Search code examples
selectcassandracqldatabase-partitioningdelta

Cassandra delta/relative querying


I have to orchestrate a batch which copy the delta of a table each day. This table is only written, never updated. I use java with jdbc and I wonder if there is a metadata or something on the table which can be queried to get all the rows added after a certains date.


Why a metadata ? Because with my table looking like :

CREATE TABLE aTable (
  aTable_id timeuuid,
  ...
  PRIMARY KEY ((aTable_id))
) WITH
...

I can't put the timeuuid key in the where clause like :

SELECT * FROM aTable WHERE aTable_id > minTimeuuid(?)

And the token function, even if the aTable_id is correctly ordered give me wrong results :

SELECT * FROM aTable WHERE token(aTable_id) > token(minTimeuuid(?))

In a nutshell, my question is : how to get aTables newer than a certain date ?


Solution

  • So I end up with a solution, found in a meetup introducing cassandra 3.0.

    Remember that the schema was set for another request and the keys were not set for a delta request.
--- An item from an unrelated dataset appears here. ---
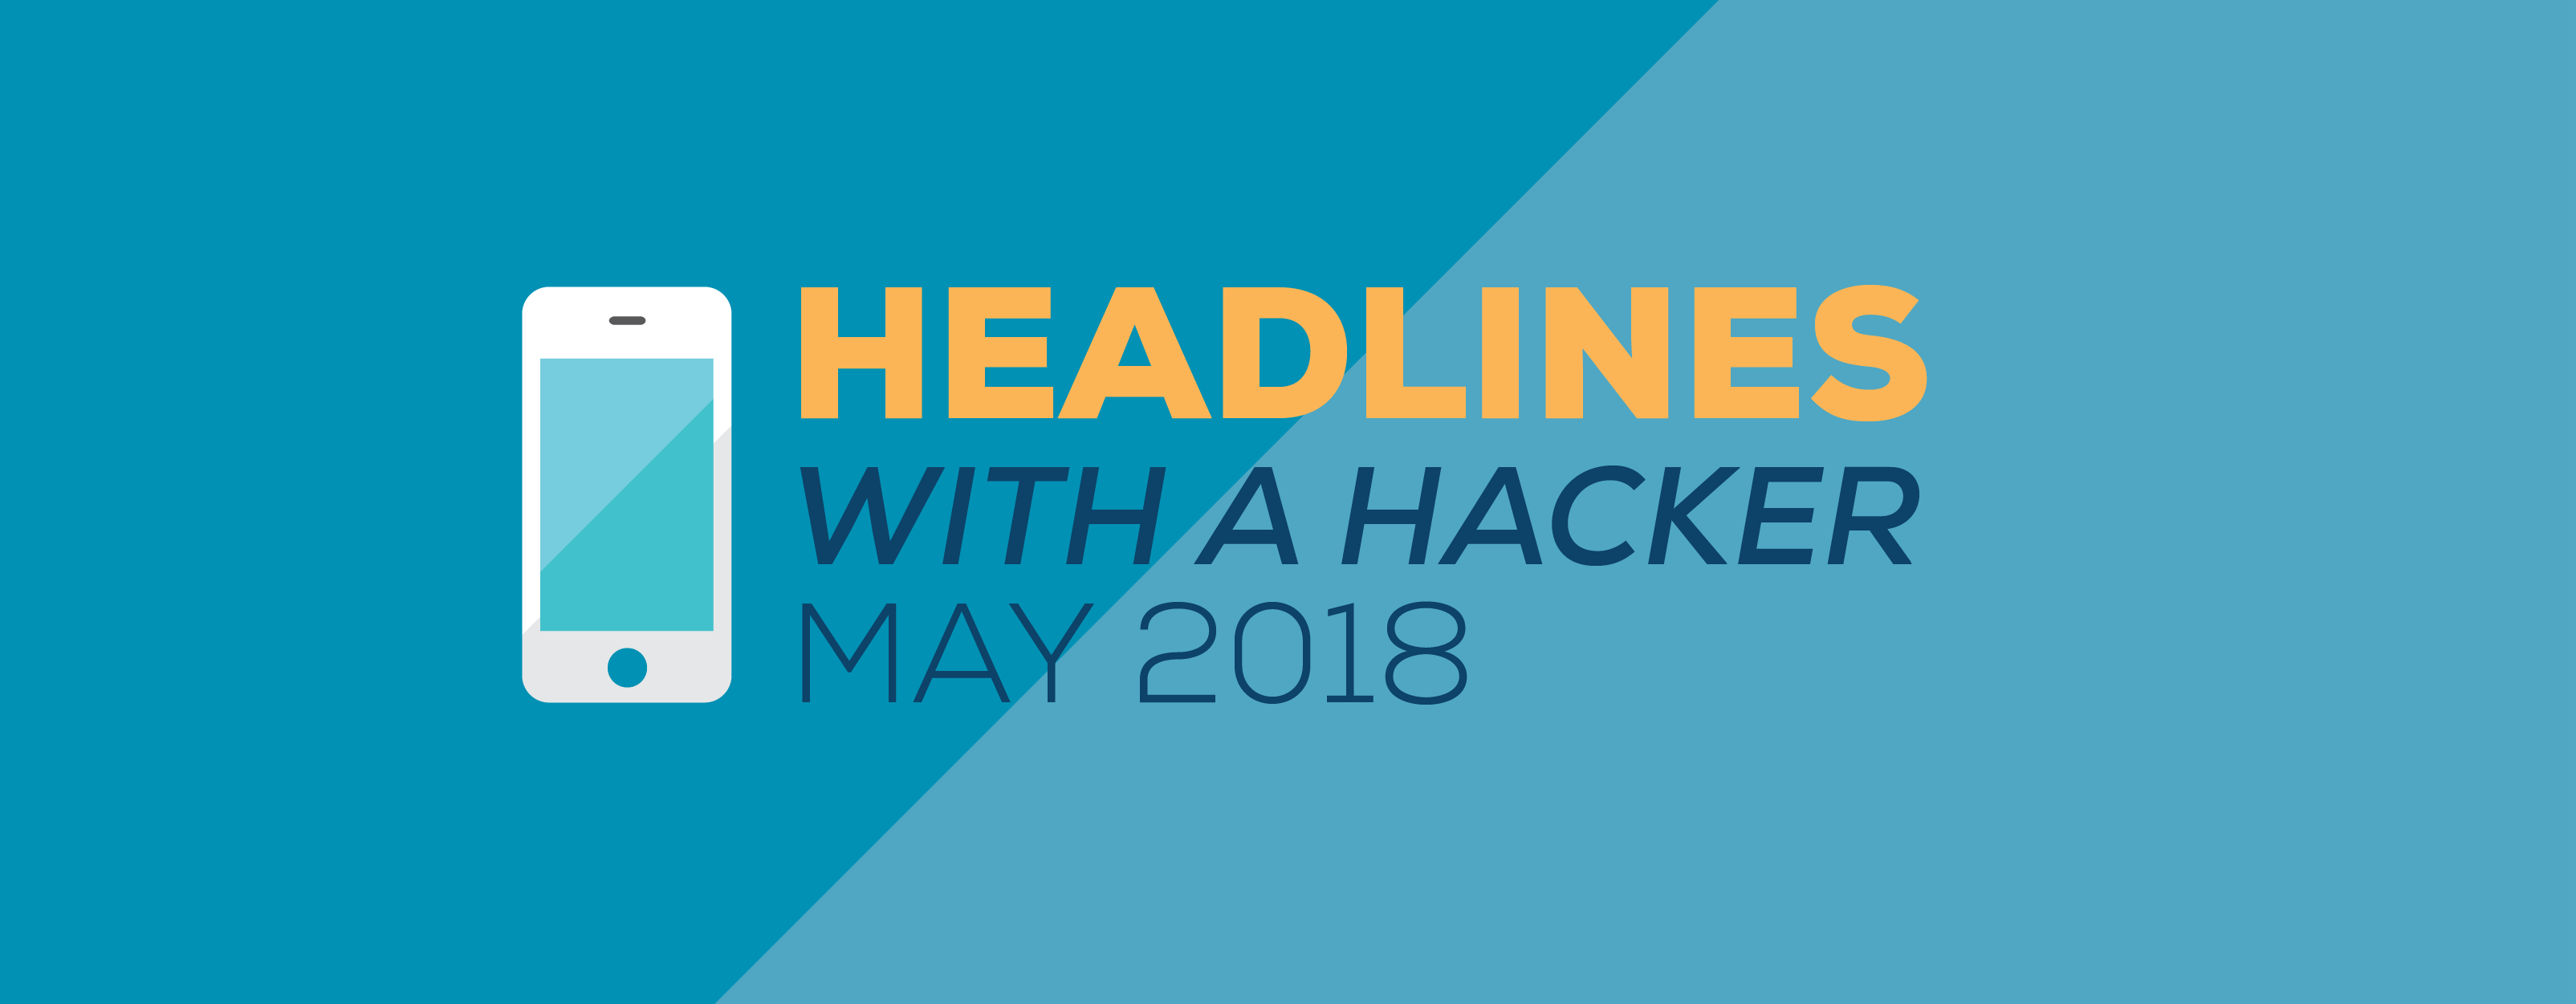 Ep.51_Headlines with a Hacker May-04

    The aim for me was to query just the updated row from the previous batch and here the way I did :

    • Create a index table, partitioned on date hour (the minutes, seconds and millis are truncated). This table is fed by a gobal index from the main table.
    • In java, query the index by hour (loop on a calendar) and select the main table with a IN query.
    • Job done !